I hunt and compete with a Mission Craze by Mathews. It is super adjustable and adaptable as well as very forgiving. My only complaint is that cam to cam it is somewhat of a short bow. It's an older bow but it's been very reliable and is quiet and fast enough for hunting and I've shot two deer with it in the past few years. Seeing it's an older bow the price for these bows is relatively low now, even if you were to go with a new model it you can find them fairly priced. I've shot with many women who shoot Mathews Helium bows both for target and hunting and all of them seem to have nothing but good things to say about them.


----------



## slabs (Sep 26, 2018)

If you are looking for something a little more adjustable I would suggest the Diamond Infinite Edge. Very adjustable and a good shooter. Otherwise the Mathews Avail is probably the best womens/short draw bow that I have ever laid my hands on.


----------



## Dltemple84 (Jan 4, 2017)

....


----------



## In God We Trust (Apr 4, 2016)

…....


----------



## Akgirlnextdoor (Nov 5, 2018)

I started with a PSE and a Diamond Nova. I have been hunting and competing for 2 years with Mathews Monster Chill. Absolutely love it. It’s an older but solid compound bow.


----------



## hunterbabe210 (Nov 8, 2018)

Elite Impression is a place to start and Hoyt has multiple cam options for almost all of their bows. That is what I shoot, a pro defiant 34. BUT its a lot of money for a person just starting out.


----------



## Khixon21 (Jan 22, 2019)

I have an Elite Sprit and I really like it. They are pretty easy to find used too.


----------



## Dynamicduojx (Feb 20, 2019)

Hoyt powermax is a great mid level bow if she wants to get serious and without completely breaking the bank. They offer it in regular hunting patterns/colors, just black, or with a vicxen package in pink/purple accents. 
It was my first serious bow, 40-50# and I’m now upgrading to the Hoyt rx3











Sent from my iPhone using Tapatalk


----------



## Goathollerbucks (Aug 29, 2011)

My fiance's first bow. She held and handled all the ones she was interested in, and ended up choosing this one. Just because a bow isn't labeled as a "women's" bow. Doesn't mean she can't use it.

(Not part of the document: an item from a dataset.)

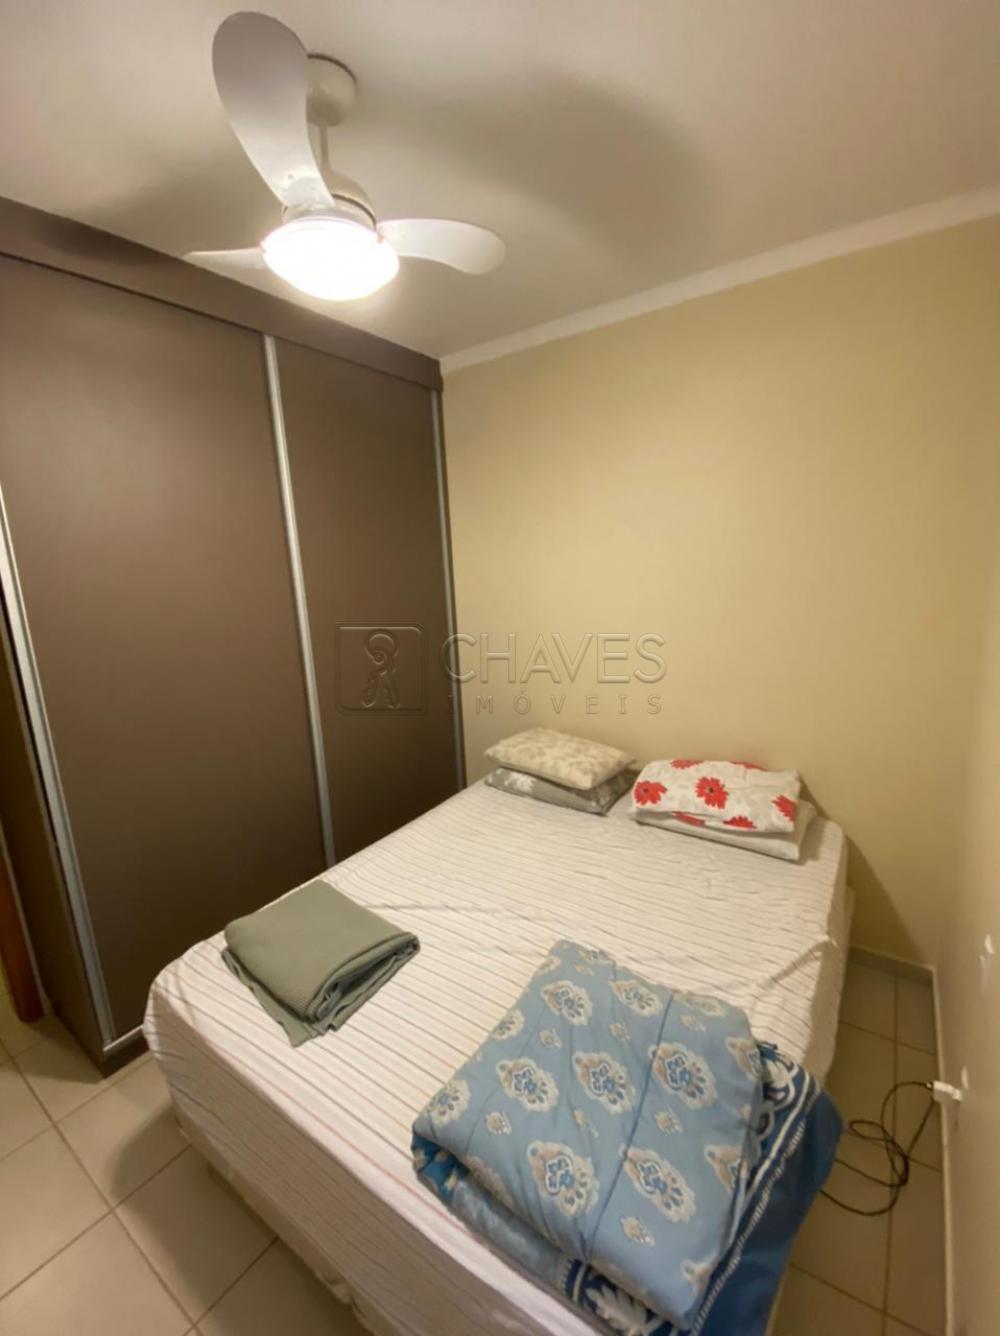 Comprar Casa / Condomínio em Ribeirão Preto apenas R$ 920.000,00 - Foto 12

Sent from my SM-G965U using Tapatalk


----------



## Country Bucks2 (Dec 21, 2018)

Carbon Rose. Light weight. Good brace height and smooth draw cycle. Great bow for the petite ladies


----------



## Badassarchery (Dec 29, 2017)

The Quest Storm comes in a 23-27.5" draw and 30-60 lb. limbs. Another option would be the Bear Prowess. It come with a 23-28" draw and 35-50 lb. limbs. You can find more information on these at shopbadass.com.


----------



## Taylorp48 (Aug 29, 2018)

I really enjoy my Eva Shockey bow! The draw is really smooth and I have a short draw length and when I first started I was pulling 35ish pounds and I just now bumped it up to 40.


----------



## elkincoach (May 3, 2012)

just make sure she's not left eye dominant like mine was


----------



## Abrown444 (Nov 20, 2018)

My first bow was a Bowtech Heartbreaker. Great starter bow! Shot my first deer with it. 40 to 50 lbs. Very adjustable. I also have it for sale right now as well. I did love that bow!


----------